Tim Leeming. Exercise Nutritionist.
Apple cider vinegar must have quite the ego right now, as the good press and publications about this probiotic food continue to flow. We’ve shared a few ideas around apple cider vinegar (ACV) already. In this article, I go into a little more detail about the specific benefits it will give you as a runner.
Here’s why daily apple cider vinegar should be a priority for any runner:
Cramp prevention and muscular performance
Perhaps the most researched and evidenced benefit of ACV for runners is its capacity to prevent muscular and gastrointestinal cramps, as well as decrease cramping severity. ACV provides the gut with a healthy mix of electrolytes that are taken up into the bloodstream, bringing salt balance to the musculoskeletal system in the process. With less cramping and a more favourable internal environment, the muscles of your legs can perform and recover optimally and your tummy feel at ease.

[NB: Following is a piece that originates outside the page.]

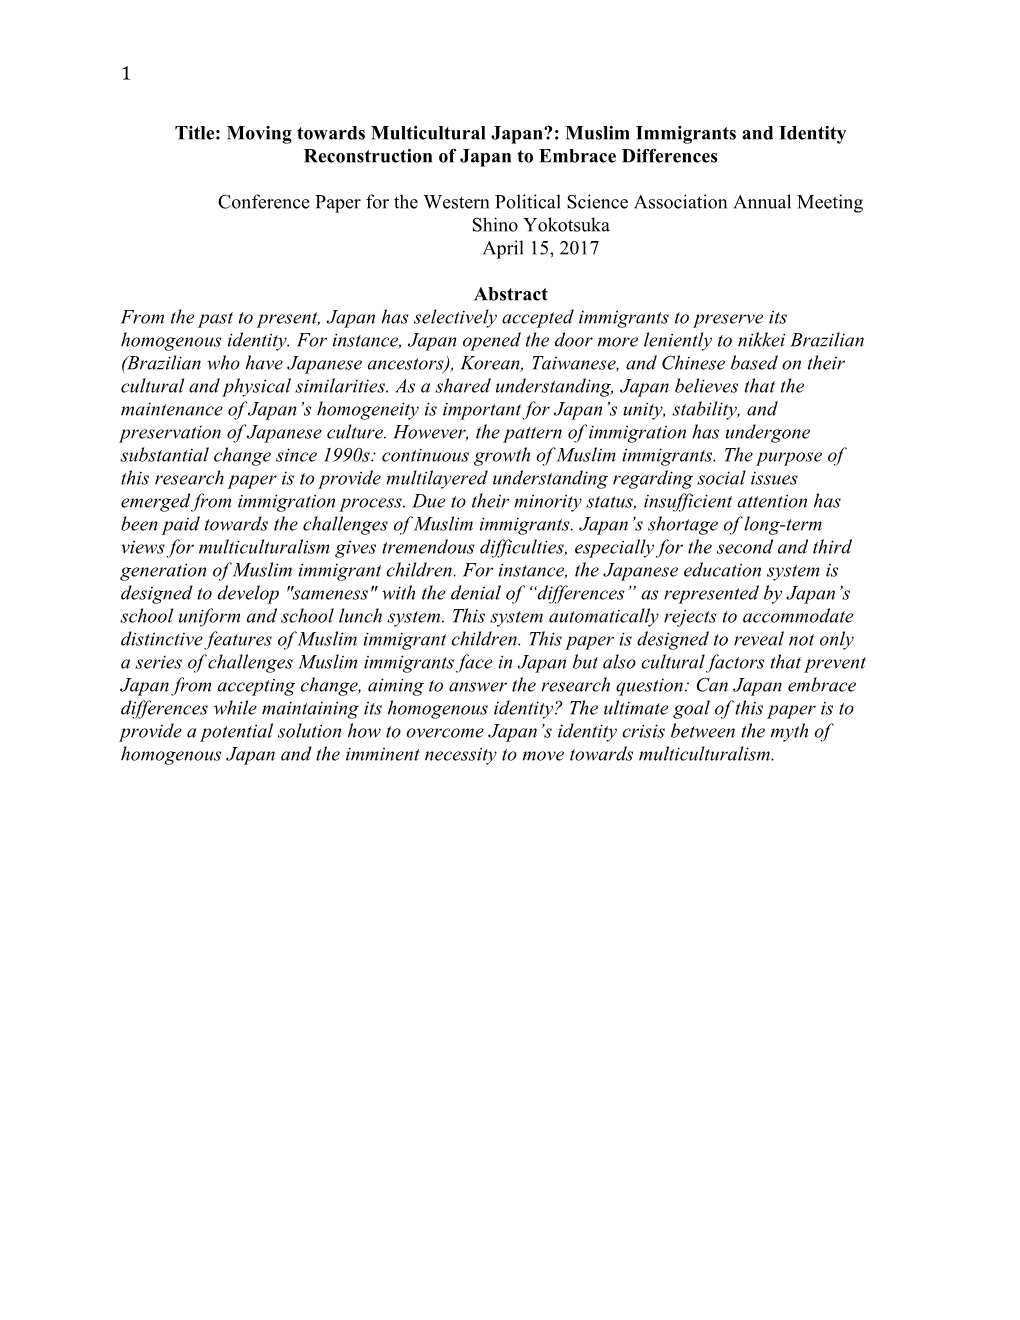 Title: Moving Towards Multicultural Japan?: Muslim Immigrants and Identity Reconstruction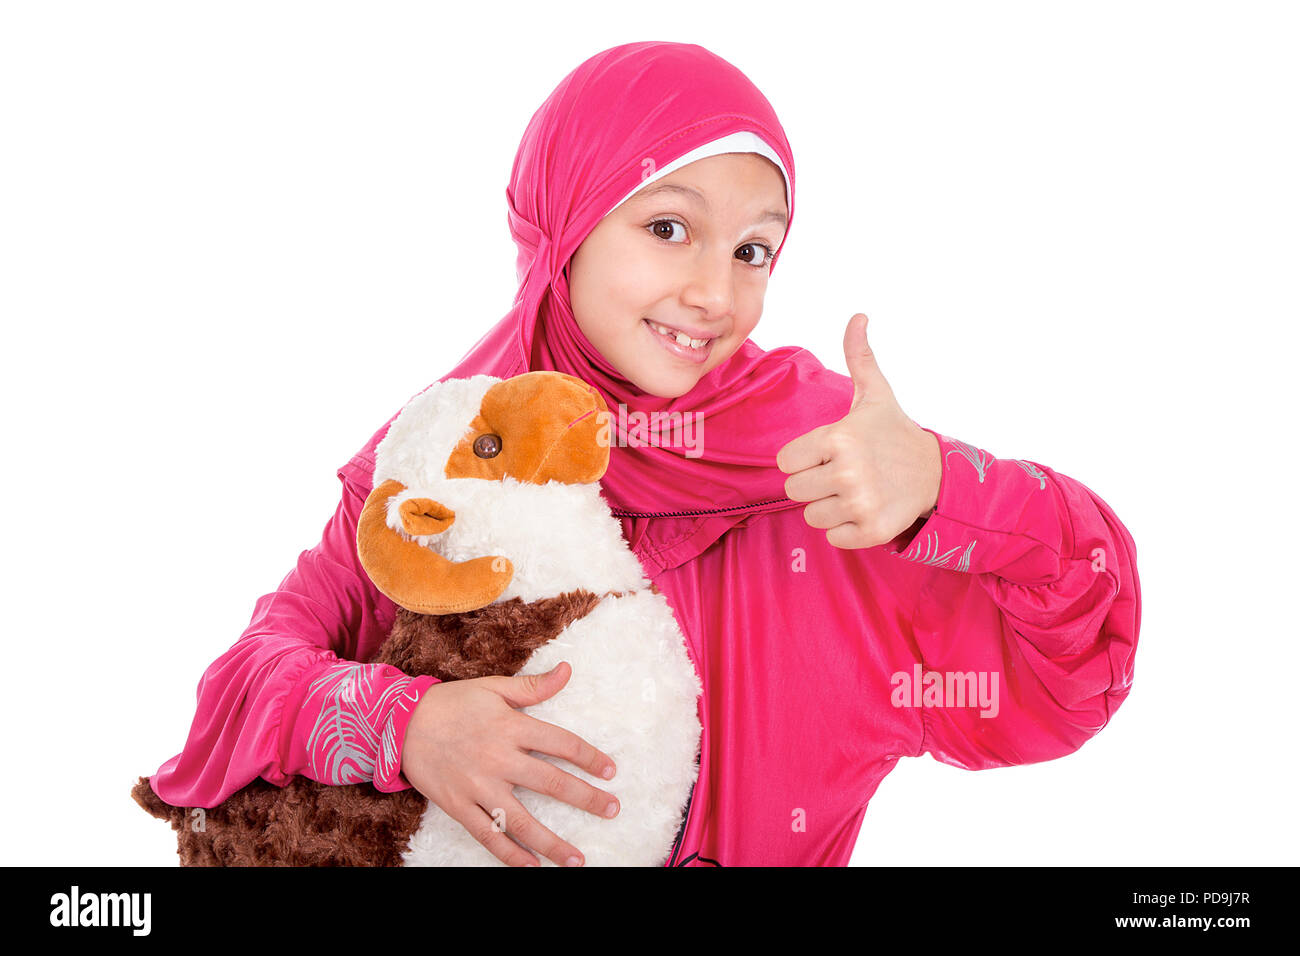 Happy little girl playing with her sheep toy - celebrating Eid ul Adha - Happy Sacrifice Feast Stock Photo

Apple cider vinegar works its way through the gastrointestinal system, cleaning up toxins and unwanted by-products that cause feelings of fatigue and tiredness. With these toxins gone, and the added health-promoting effects of ACV becoming more apparent, you’ll feel it in your energy levels throughout the day and while you run.
Improved glucose control
ACV is being used in diabetic patients to stabilise blood glucose levels, particularly after eating when blood sugar tends to spike. Basically, the apple cider vinegar blunts the sugar spike, causing a slower and more sustained release of glucose into the blood. Not only is this a fantastic finding for diabetics, but runners will see huge benefit in this physiological response, as well. No one likes “hitting the wall”, “bonking” or “blowing a gasket”, so get stuck into the ACV to mitigate any chance of it happening!
It doesn’t stop there. This fermented fruit drink is known for decreasing systemic inflammation and therefore aches and pains in the joints, detoxifying the skin, easing gastric discomfort, balancing pH levels and improving satiety (feeling full) after eating.
Note: When purchasing apple cider vinegar, it is important to make sure that it is organic, unpasteurised, and with the 'mother’.